Spain's American colonies
Inflation was the first curse brought to Spain by gold and silver in the Americas, and money, like ordinary goods, naturally depreciated if supply exceeded demand. After a large amount of gold and silver flowed into Europe to solve the "silver shortage", a "price revolution" that lasted for more than a century followed. From 1500 to 1620, prices in Spain increased fourfold in more than a century. Unlike the price increase caused by the indiscriminate issuance of bad money and paper money since then, the 4-fold increase here is the depreciation of the currency. From the royal family down to the common people, they all suffered heavy losses in this "price revolution". The Spanish crown's gold and silver shrank in the devaluation of the currency, and it was unable to cope with the protracted war. Feudal lords received fixed monetary rent on long-term contracts, which shrank as the currency depreciated, and many lords were on the verge of bankruptcy. The people at the bottom are the biggest victims, their incomes are rising far from keeping up with prices, and their purchasing power and living standards are falling sharply.

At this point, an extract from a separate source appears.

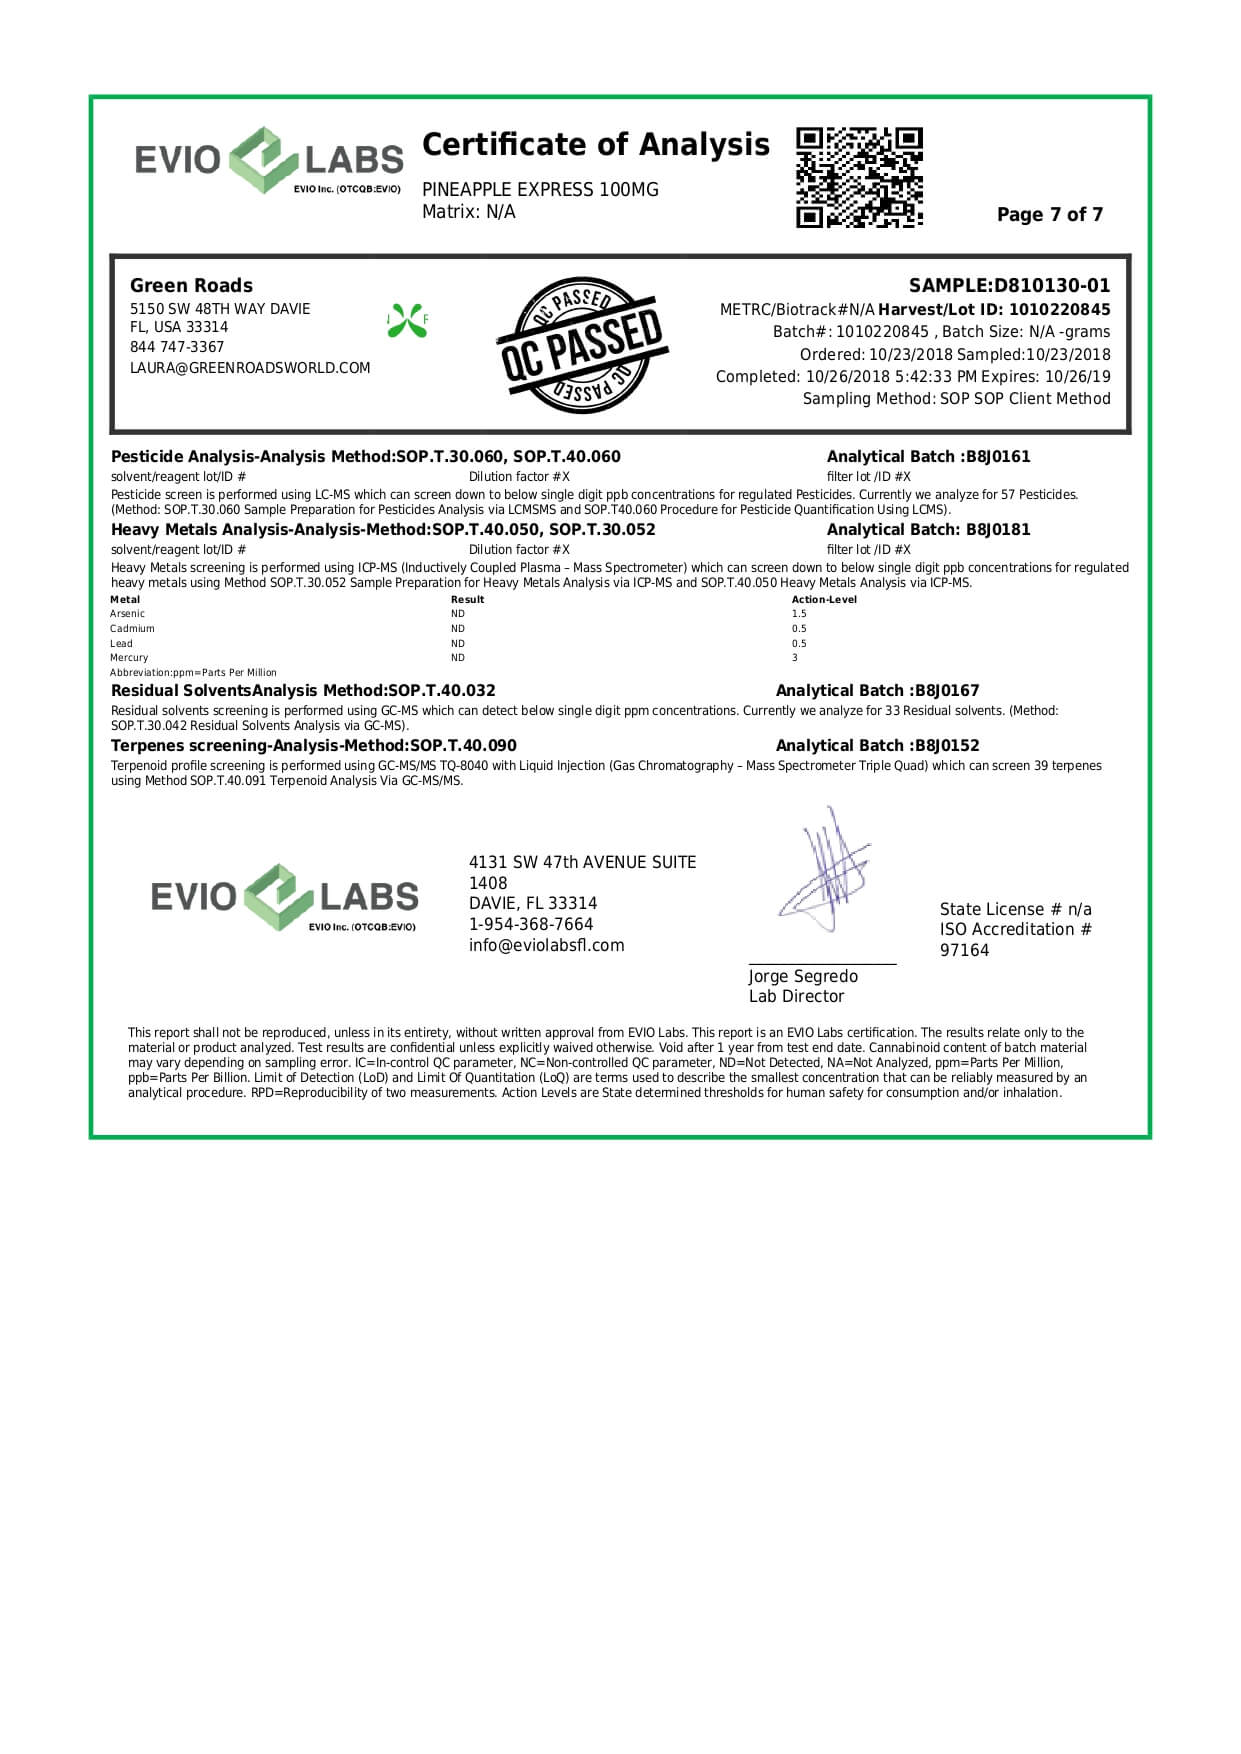 Green Roads CBD Terpenes Oil Pineapple Express 100mg Lab Report
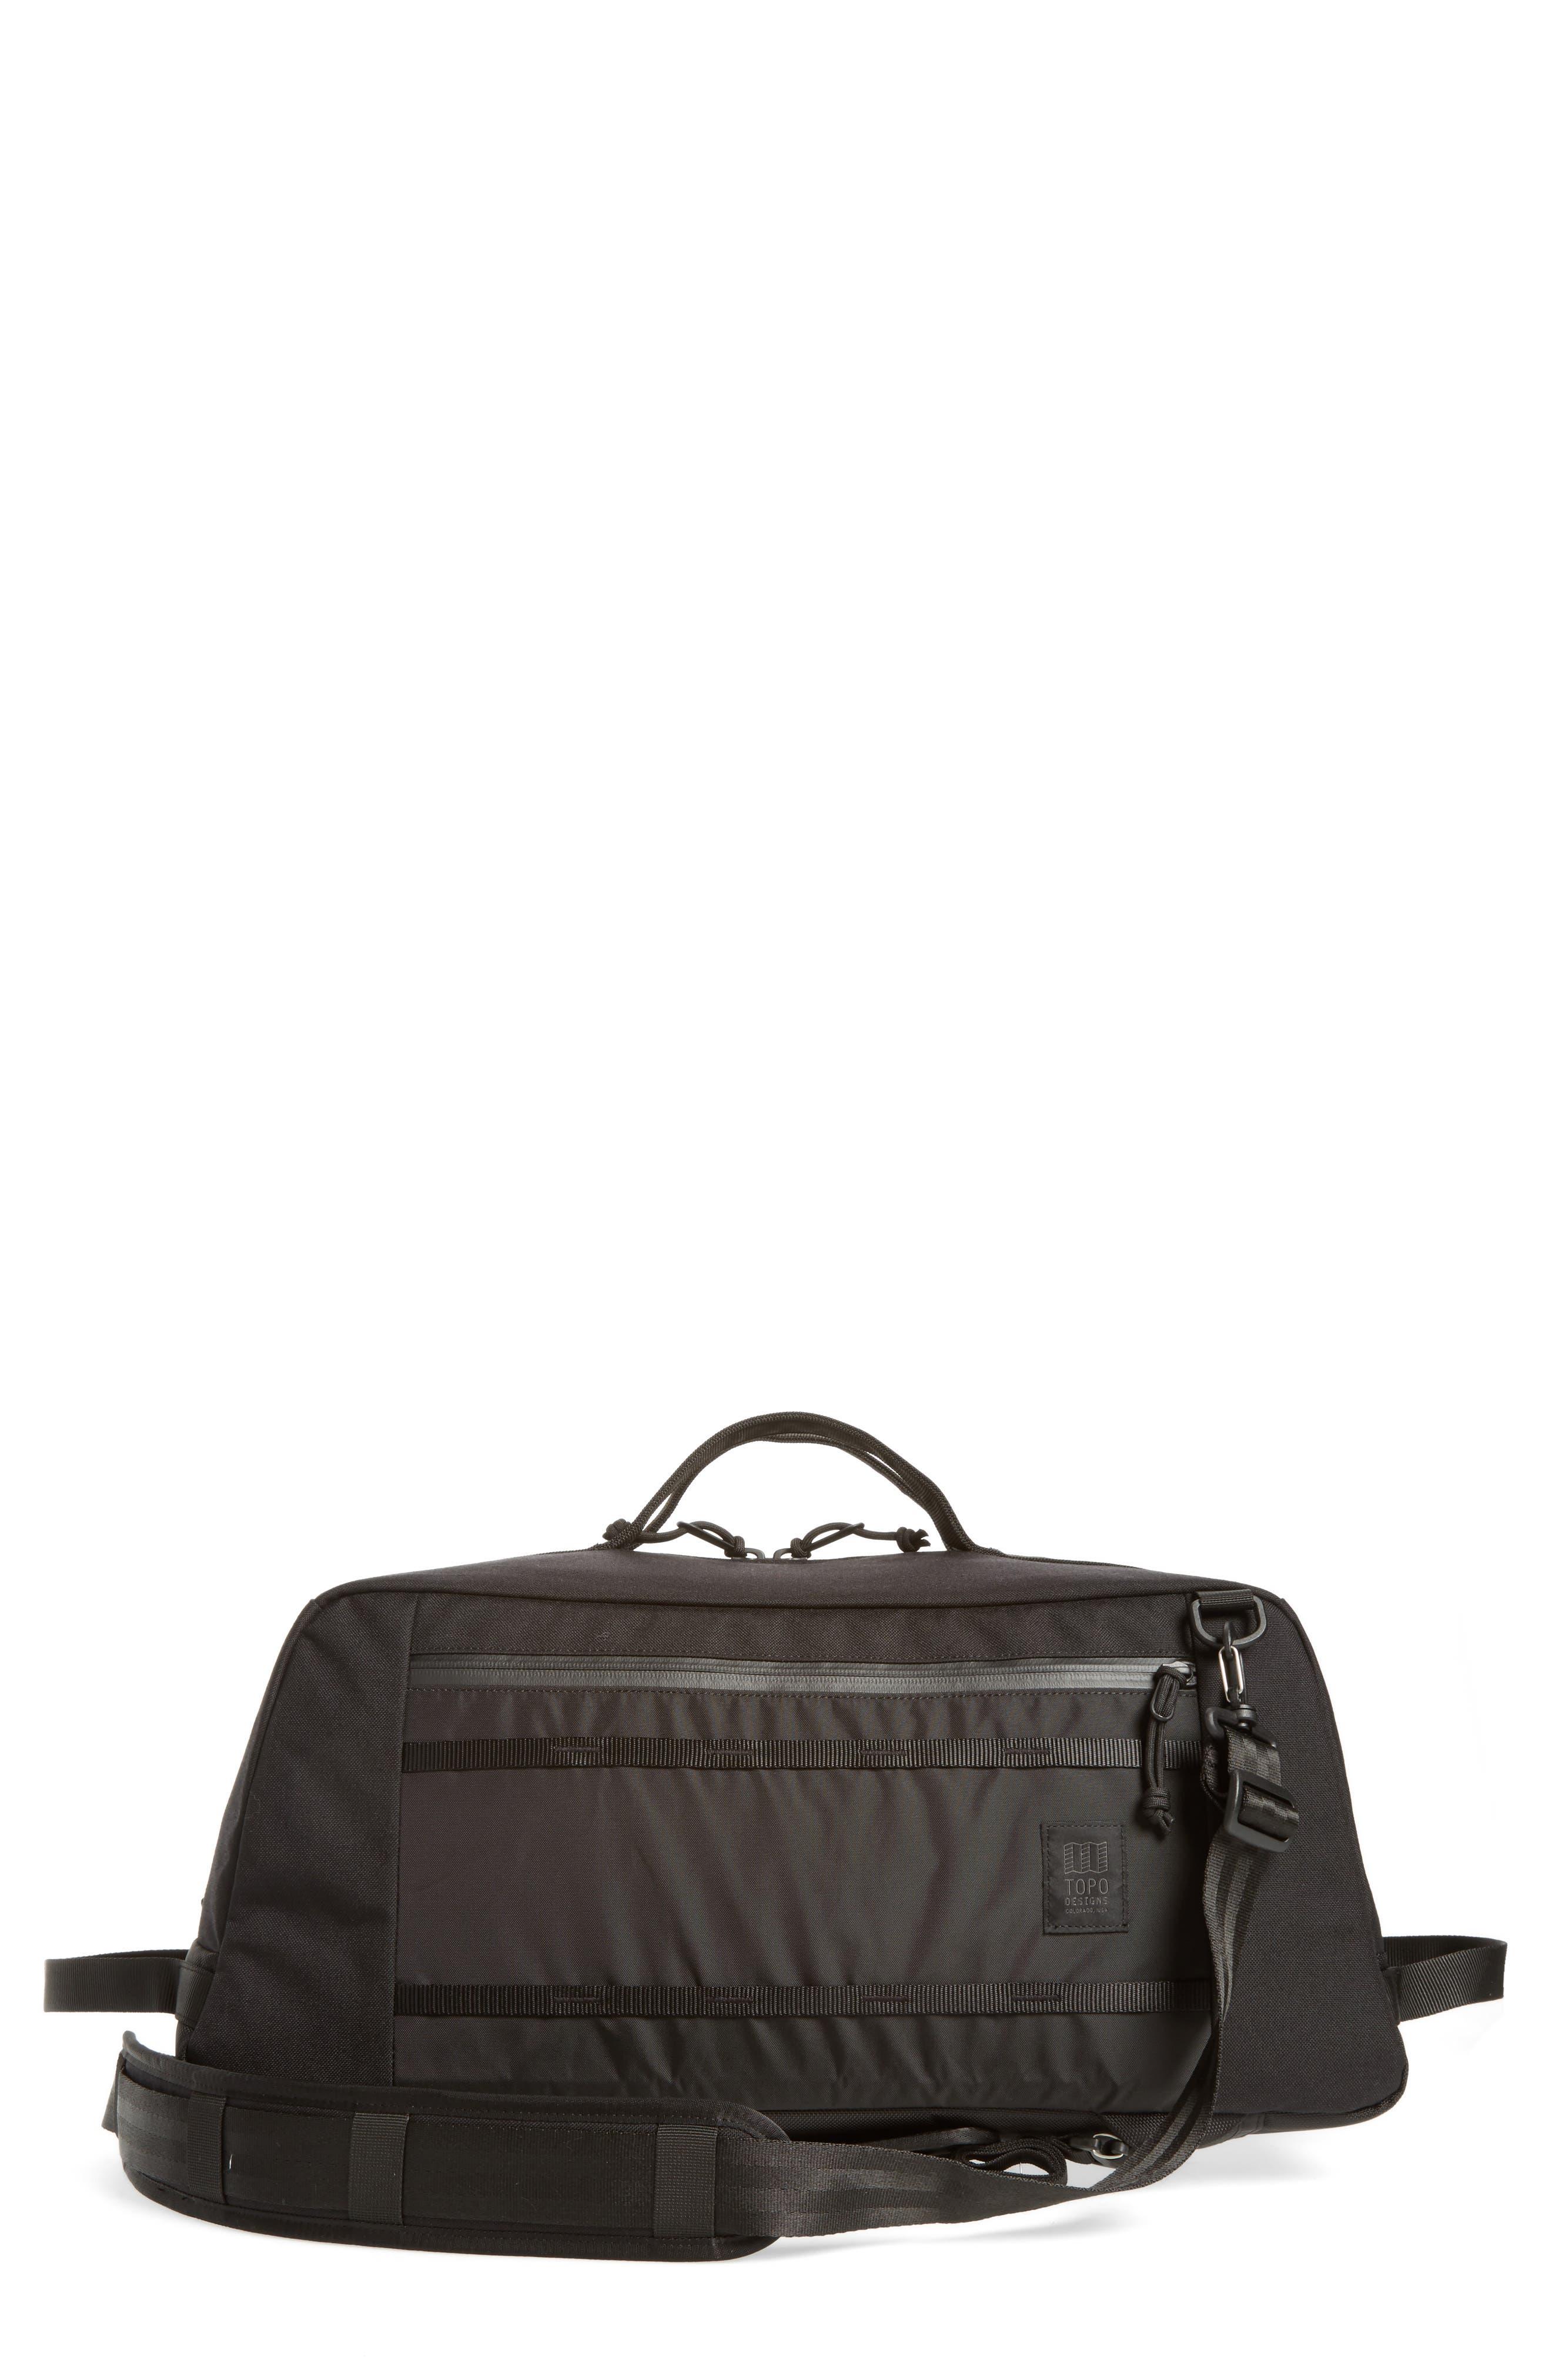 Alternate Image 1 Selected - Topo Designs Mountain Convertible Duffel Bag

Inflation was followed by a second curse—the bankruptcy of industry and commerce. On the one hand, the purchasing power of the people has declined, resulting in an increasingly narrow domestic market, and local goods cannot expand production and spread costs. On the other hand, inflation caused high production costs, and raw materials or labor that could be obtained for one gold coin in England could cost ten gold coins in Spain. As a result, Spanish goods are not competitive internationally, and even foreign goods are beaten in the domestic market. Under the internal and external attack, Spain's native industry and commerce were completely defeated and became a backward agricultural country.
In 1776, Adam Smith, the "father of economics" in Britain, published the magnum opus "The Wealth of Nations" on liberal economics, in which Adam Smith used Spain as a negative example and attacked the idea that "money is strong in many countries". It is argued that a country's wealth ultimately depends on the products of labor that a country can use to exchange with other countries, and therefore productivity is the most important source of a country's wealth. To become a rich country, it is necessary to develop its own productive forces, and then vigorously develop foreign trade on the basis of expanding productive forces and earn economic benefits in trade. However, when "The Wealth of Nations" was born, Spain was already terminally ill and unable to return from the "curse" of American gold and silver. When the gold and silver of the Americas were exhausted and colonial rule collapsed, the last rays of the afterglow of Spain were setting.